Executive Summary

This report is a course project within the Statistical Inference Course on the Data Science Specialization by Johns Hopkins University on Coursera.

The project consists of two parts:

Part 1: Simulation Exercise Instructions

In this project you will investigate the exponential distribution in R and compare it with the Central Limit Theorem. The exponential distribution can be simulated in R with rexp(n, lambda) where lambda is the rate parameter. The mean of exponential distribution is 1/lambda and the standard deviation is also 1/lambda. Set lambda = 0.2 for all of the simulations. You will investigate the distribution of averages of 40 exponentials. Note that you will need to do a thousand simulations.

1.- Show the sample mean and compare it to the theoretical mean of the distribution.

Simulation Run

# Constants
lambda <- 0.2 ; n = 40 ; sim = 1000

# Set seed to create reproducibility
set.seed(12345)

# Simulation
Exp_Sim <- matrix(rexp(sim*n, lambda), nrow = sim, ncol = n)
Exp_Mean <- apply(Exp_Sim, 1, mean)

Exponential Distribution Mean (Theoretical Mean)

Theo_Mean <- 1/lambda
print(Theo_Mean)
## [1] 5

Mean of the Simulated Exponential Random Variable Means (Sample Mean)

Sample_Mean <- mean(Exp_Mean)
print(Sample_Mean)
## [1] 4.971972

Vizualization of both Distributions and both means.

# Histograms
par(mfrow = c(2,1))

# Distribution of the Simulated Sample of Exponential Random Variables
hist(Exp_Sim, breaks = 40, xlim=c(0,30), 
     main = "Distribution of the Simulated Sample of Exponential Random Variables", 
     xlab = "Exponential Variables", 
     ylab = "Frequency", 
     col = "khaki1")
abline(v = 1/lambda, lty = 1, lwd = 4, col = "gray13")
legend("topright", lty = 1, lwd = 4, col = "gray13", legend = "Theoretical Mean")

# Distribution of the Simulated Exponential Random Variable Means
hist(Exp_Mean, breaks = 40, xlim=c(3,9), 
     main = "Distribution of the Simulated Exponential Random Variable Means", 
     xlab = "Means", 
     ylab = "Frequency", 
     col = "khaki1")
abline(v = mean(Exp_Mean), lty = 1, lwd = 4, col = "gray13")
legend("topright", lty = 1, lwd = 4, col = "gray13", legend = "Sample Mean")

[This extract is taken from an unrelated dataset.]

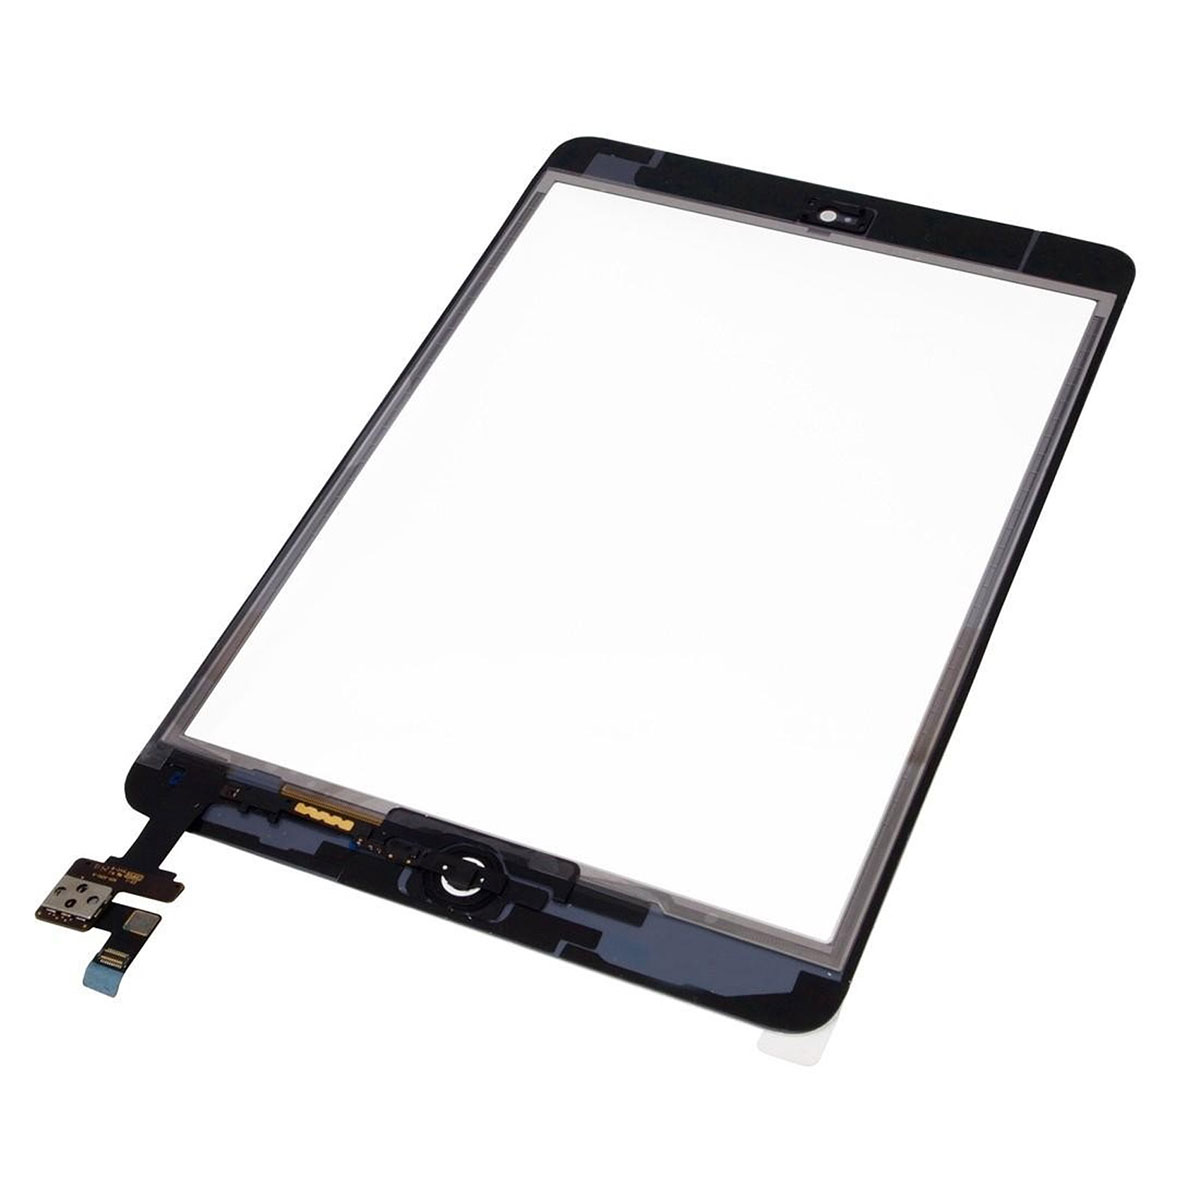 Тачскрин для iPad mini 3 В СБОРЕ, цвет окантовки черный.

2.- Show how variable the sample is (via variance) and compare it to the theoretical variance of the distribution.

Exponential Distribution Variance (Theoretical Variance)

Theo_Var <- ((1/lambda)/sqrt(n))^2
print(Theo_Var)
## [1] 0.625

Variance of the Distribution of Averages (Sample Variance)

Sample_Var <- sd(Exp_Mean)^2
print(Sample_Var)
## [1] 0.6157926

As you can see, both variances are very close.

3.- Show that the distribution is approximately normal.

This graph shows the histogram of the simulation of the exponential variable means distribution. And a normal distribution curve on top, that considers as parameters the exponential theoretical mean, and the theoretical standard deviation divided by the square root of the sample size (Central Limit Theorem). Illustrating that it fits relatively well.

# Histogram
     hist(Exp_Mean, breaks = 40, 
          main = "Distribution of the Simulated Exponential Random Variable Means", 
          prob=T, xlab = "Means", ylab = "Density", col = "khaki1")

# Normal Distribution Line
   # Create 40 breaks from the min and max values of the Simulated Sample of Exp Variables, for the X Axis.
     xfit <- seq(min(Exp_Mean),max(Exp_Mean),length=40)
   # Create a Normal Distribution Vector of Densities for the Y Axis
     yfit <- dnorm(xfit, mean=1/lambda,sd=1/lambda/sqrt(n))
   # Plot the Normal Distribution Line
     lines(xfit,yfit,lty = 1, lwd = 2, col = "black")
     legend(6.5, 0.50, lty = 1, lwd = 2, col = "black", legend = "Normal Distribution", cex = 0.75)

Given the Central Limit Theorem’s mean and standard deviation, we can visualize how would a normal distribution would look like, according to the simulated sample of exponential random variables.

# Histogram
h <- hist(Exp_Mean, breaks = 40, 
          main = "Distribution of the Simulated Exponential Random Variable Means", 
          xlab = "Means", ylab = "Frequency", col = "khaki1")

# Normal Distribution Line
   # Create 40 breaks from the min and max values of the Simulated Sample of Exp Variables, for the X Axis.
     xfit2 <- seq(min(Exp_Mean),max(Exp_Mean),length=40)
   # Create a Normal Distribution Vector of Densities for the Y Axis
     yfit2 <- dnorm(xfit2, mean=1/lambda,sd=1/lambda/sqrt(n))
   # Simulate the sample frequency with the normal Distribution line         
     yfit2 <- yfit2*diff(h$breaks[1:2])*length(Exp_Mean)
   # Plot the Normal Distribution Line
     lines(xfit2,yfit2,lty = 1, lwd = 2, col = "black")
     legend(6.5, 45, lty = 1, lwd = 2, col = "black", legend = "Normal Distribution", cex = 0.75)